In a triples representation of a graph, each distinct blank node in the graph is given a different blank node identifier. Unlike URIrefs and literals, blank node identifiers are not considered to be actual parts of the RDF graph (this can be seen by looking at the drawn graph in Figure 6 and noting that the blank node has no blank node identifier). Blank node identifiers are just a way of representing the blank nodes in a graph (and distinguishing one blank node from another) when the graph is written in triple form. Blank node identifiers also have significance only within the triples representing a single graph (two different graphs with the same number of blank nodes might independently use the same blank node identifiers to distinguish them, and it would be incorrect to assume that blank nodes from different graphs having the same blank node identifiers are the same). If it is expected that a node in a graph will need to be referenced from outside the graph, a URIref should be assigned to identify it.

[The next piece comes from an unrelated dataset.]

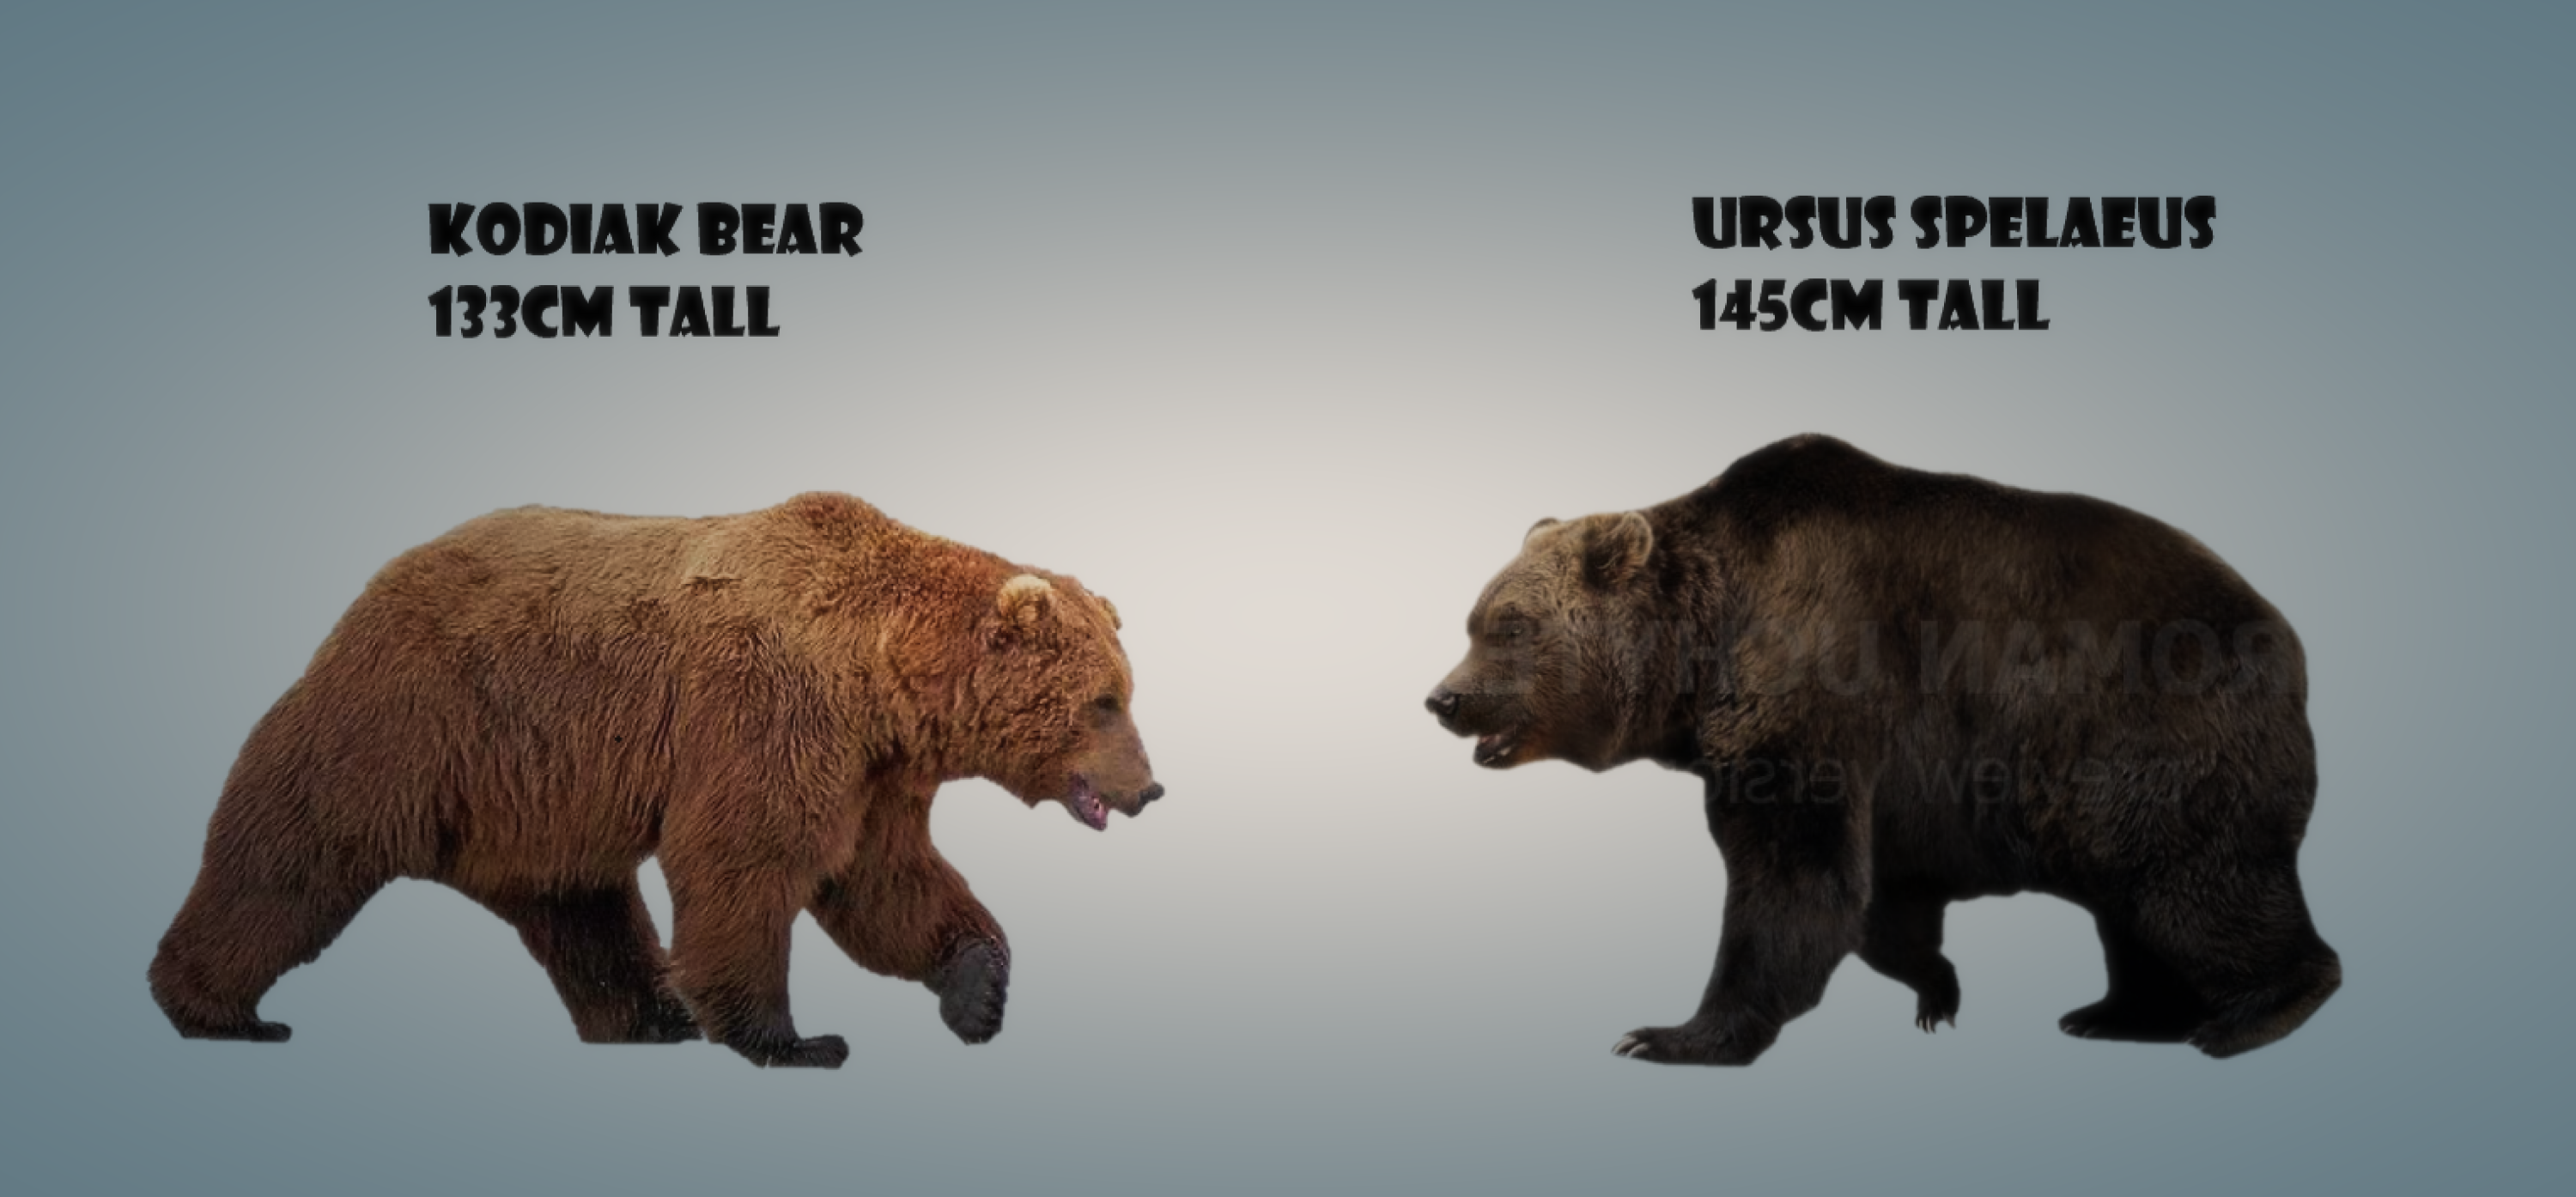 kodiak bear size comparison

At the beginning of this section, we noted that we can represent aggregate structures, like John Smith's address, by considering the aggregate thing we want to talk about as a resource, and then making statements about that new resource. This example illustrates an important aspect of RDF: RDF directly represents only binary relationships, e.g. the relationship between John Smith and the literal representing his address. When we try to represent the relationship between John and the group of separate components of this address, we are dealing with an n-ary (n-way) relationship (in this case, n=5) between John and the street, city, state, and zip components. In order to represent such structures directly in RDF (e.g., considering the address as a group of street, city, state, and zip sub-components), we need to break this n-way relationship up into a group of separate binary relationships. Blank nodes give us one way to do this. Each time we have an n-ary relationship, we can choose one of the participants as the subject of the relationship (John in this case), and create a blank node to represent the rest of the relationship (John's address in this case). We can then represent the remaining participants in the relationship (such as the city in our example) as separate properties of the new resource represented by the blank node.

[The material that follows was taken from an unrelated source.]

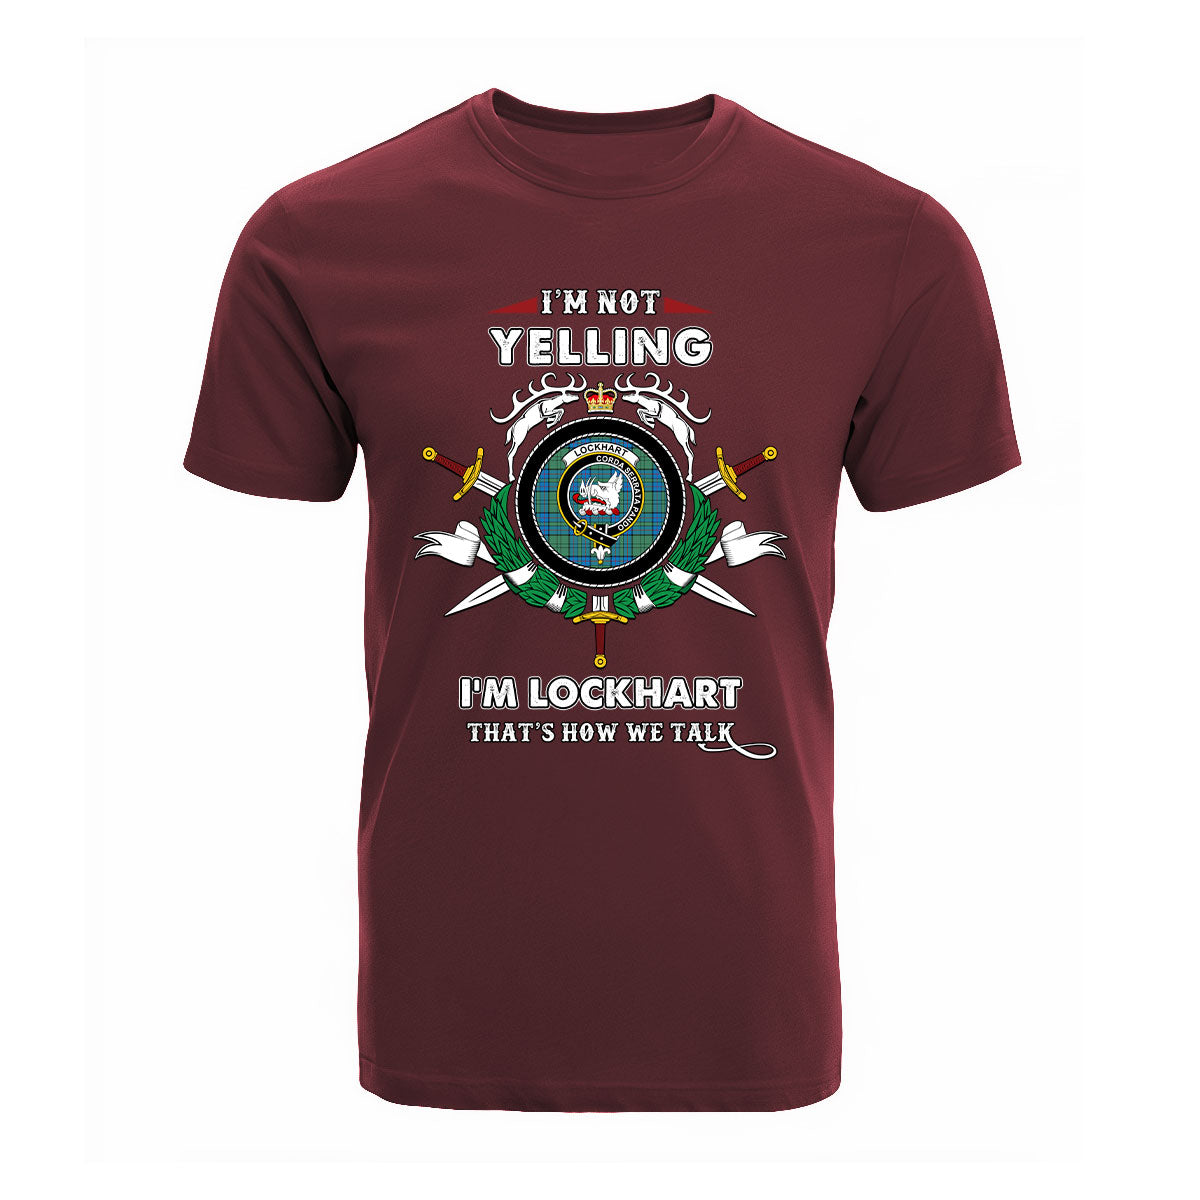 Lockhart Tartan Crest T-shirt - I'm not yelling style

Blank nodes also give us a way to more accurately make statements about resources that may not have URIs, but that are described in terms of relationships with other resources that do have URIs. For example, when making statements about a person, say Jane Smith, it may seem natural to use a URI based on that person's email address as her URI, e.g., mailto:jane@example.org. However, this approach can cause problems. For example, we may want to record information about Jane's mailbox (e.g., the server it is on) as well as about Jane herself (e.g., her current address), and using a URIref for Jane based on her email address makes it difficult to know which thing we're talking about. The same problem exists when a company's Web page URL, say http://www.example.com/, is used as the URI of the company itself. Once again, we may need to record information about the Web page (e.g., who created it and when) as well as about the company, and using http://www.example.com/ as an identifier for both makes it difficult to know which thing we're talking about.

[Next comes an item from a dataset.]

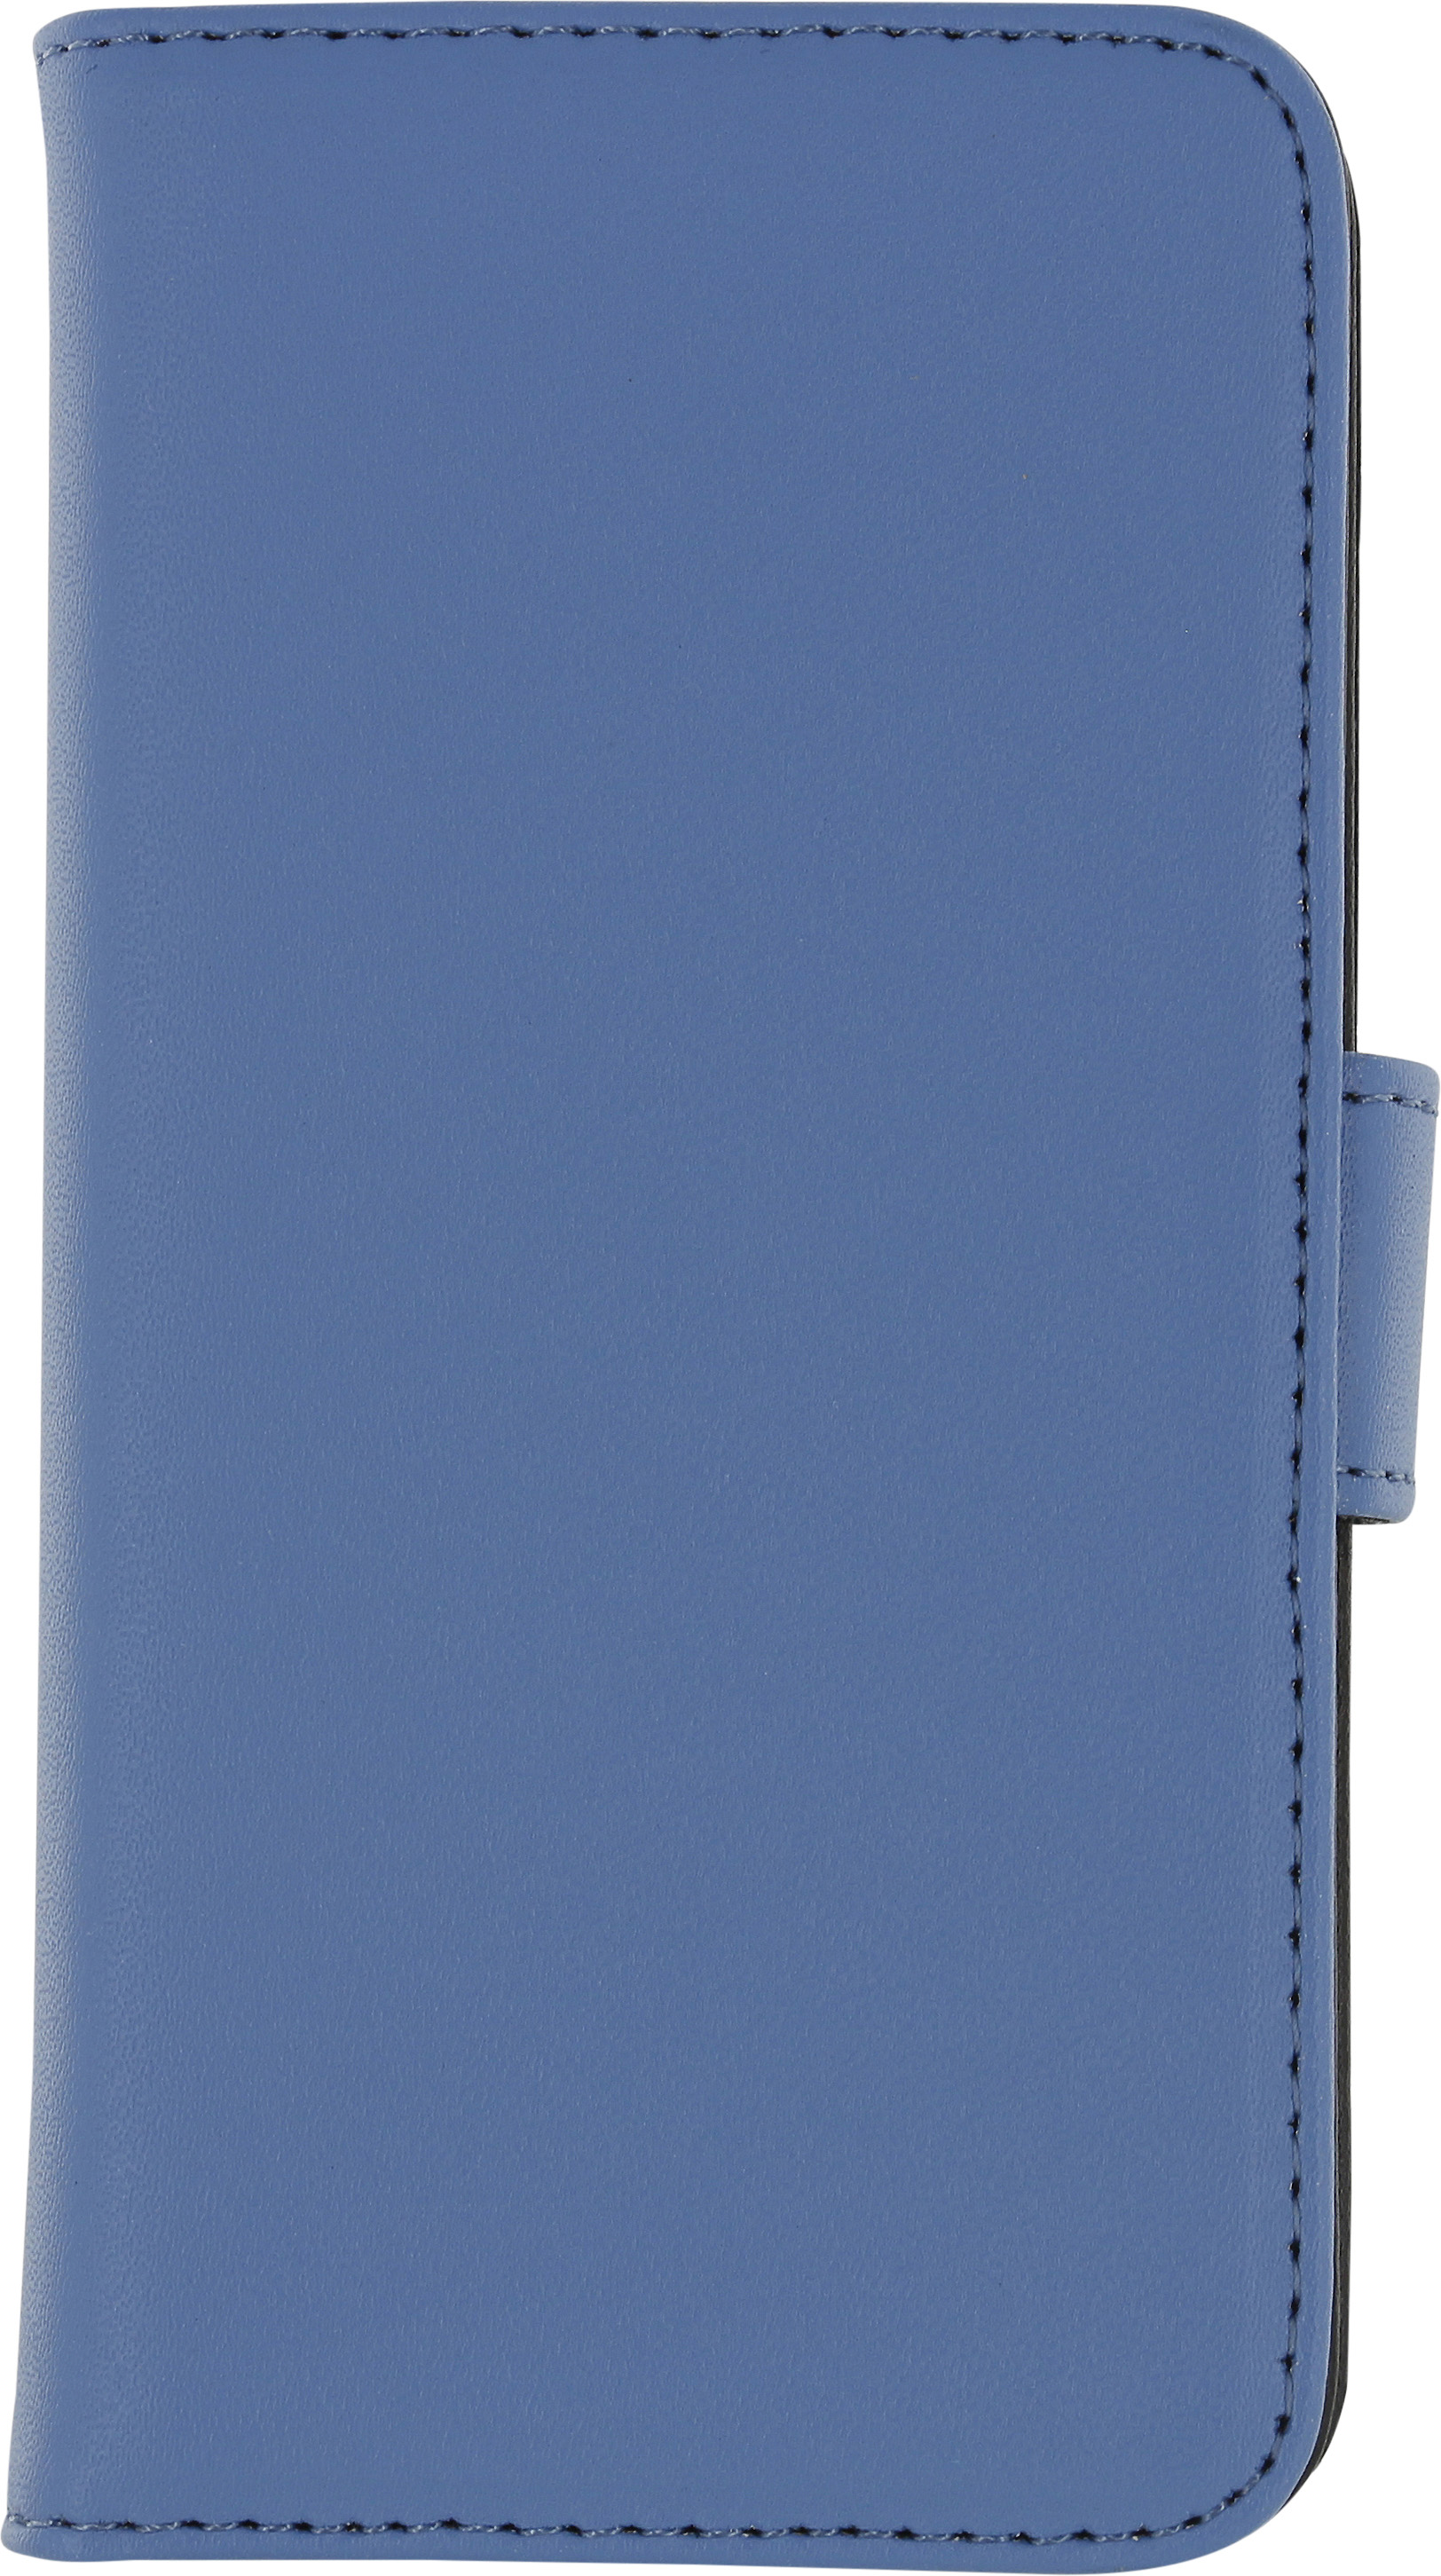 iPhone 6s/6, wallet extended II, serenity, blauw

The fundamental problem is that using Jane's mailbox as a stand-in for Jane isn't really accurate: Jane and her mailbox are not the same thing, and hence their identifiers should be different. When Jane herself doesn't have a URI, a blank node gives us a more accurate way of modeling this situation. We can represent Jane by a blank node, and give the blank node an exterms:mailbox property having the URIref mailto:jane@example.org as its value. We can also assign the blank node an rdf:type property with a value of exterms:Person (we will discuss types in more detail in the following sections), an exterms:name property with a value of "Jane Smith", and any other descriptive information we might want to provide, as shown in the following triples:
_:jane exterms:mailbox mailto:jane@example.org . _:jane rdf:type exterms:Person . _:jane exterms:name "Jane Smith" . _:jane exterms:empID "23748" _:jane exterms:age "26" .
This says, accurately, that "there is a resource of type exterms:Person, whose electronic mailbox is identified by mailto:jane@example.org, whose name is Jane Smith, etc." That is, the blank node can be read as "there is a resource". Statements with that blank node as subject then provide information about the characteristics of that resource.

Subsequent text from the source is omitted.